Yes, they kept the light for Caps-Lock, which is on the key itself - a point I've always preferred to the standard PC arrangement. The keyboard looks and feels identical to the wired one, but without the USB ports.

If you were thinking of ordering another Mac and were wondering if the wireless keyboard option is worthwhile, I'd say it is. Sadly, I can't say the same for the wireless mouse. Mine is still sitting on the shelf behind my computer, where it never gets used at all.


----------



## BimBam (Mar 23, 2006)

I use 4 NiMH 2500 mAh rechargeables in my Apple Wireless keyboard, and they last somewhere around 4 months after a full recharge.

My Apple Wireless mouse rechargeables, however, barely last 2 weeks.

I'm in front of my iMac about 4 or 5 hours a day, and mousing around a lot on the Web.

How long do your Wireless mouse batteries last ?


----------



## fryke (Mar 23, 2006)

Oh! That's a good thought... Rechargeables for the wireless keyboard... Gotta test mine...


----------



## sgould (Mar 23, 2006)

Do you all still have a wired keyboard for those bad days when you have to reboot holding down the C key?


----------



## nixgeek (Mar 23, 2006)

eric2006 said:
			
		

> Ah, I see.

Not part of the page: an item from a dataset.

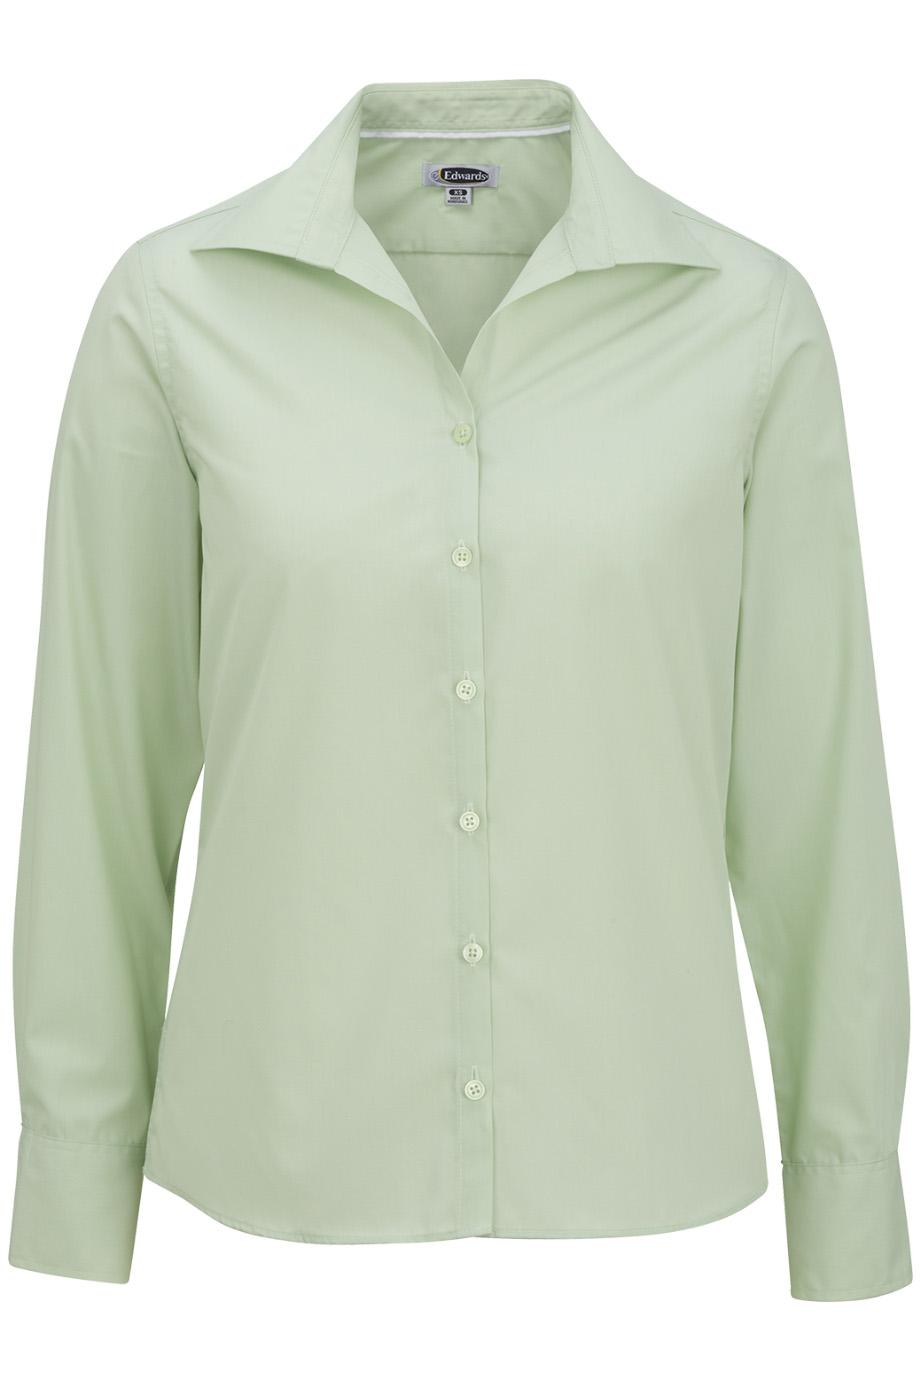 Ladies' Lightweight Open Neck Poplin Blouse-Long Sleeve 5295

I have a logitech wireless keyboard that has no lights, terrible reception, and terrible battery life. Obviously, the Apple one is much better.. it's Apple.



I had something similar to this from Logitech a few years ago, so I know where you're coming from.  It was a plain white keyboard that also came with a wireless mouse.  You couldn't have either device too far away from the transmitter otherwise it would lose the signal, which sucked since even leaning back on the chair with the keyboard on your lap would be iffy.  The whole set cost about 15 bucks or so.

That being said, I have no complaints about the Apple wireless keyboard.  I have yet to change the battery on the keyboard since I've bought the iMac G5 it came with (I upgraded from the regular keyboard and mouse that normally ships with it).

The Apple wireless mouse is another story.  I've already replaced the batteries 3 times since I've bought the iMac G5 in September.  Not bad considering, but when matched up against the wireless keyboard it's not so great anymore.


----------



## G9A9O9 (Jul 26, 2011)

One Possible EXPLANATION For Apple Wireless Keyboards Or Mice GOING THROUGH BATTERIES In A Matter Of Weeks is as follows:

When you shut down or sleep your Mac, if there is a second Mac running at some distance away (up to 100 meters distance), and this distant Mac has bluetooth switched on, and was, for some reason, previously been paired with your wireless keyboard or mouse, then I believe the keyboard or mouse will try to link to the distant Mac after you have shut down the local Mac, using all its available transmission power to overcome the distance, and thereby wearing down the batteries.

This happened to me. I have two Macs in the house, and paired my new wireless keyboard with both computers, just so that I could use this keyboard with either Mac.

But when I shut down the Mac I was using, without me realizing, my wireless keyboard that I had in front of me would then link up to my other distant Mac (which was usually always running), located at the other side of my house, and in doing so, my wireless keyboard would wear out its batteries in weeks from the power drain due to long distance transmission and reception.

Whether this battery draining from long distance transmission and reception can also occur when the wireless keyboard or mouse has not been paired with the distant Mac, I am not sure. It's conceivable that in the bluetooth polling mode, where the distant computer is trying to link up to the wireless keyboard or mouse, there could also be substantial power draining from long distance transmission and reception (especially if bluetooth is set to discoverable).

Someone may want to test this: seeing if bluetooth polling over distance can drain power. Who knows, it may be that your neighbor has a Mac, and so when you switch off your computer, your wireless keyboard or mouse spends all night trying to link to your neighbor's Mac.


----------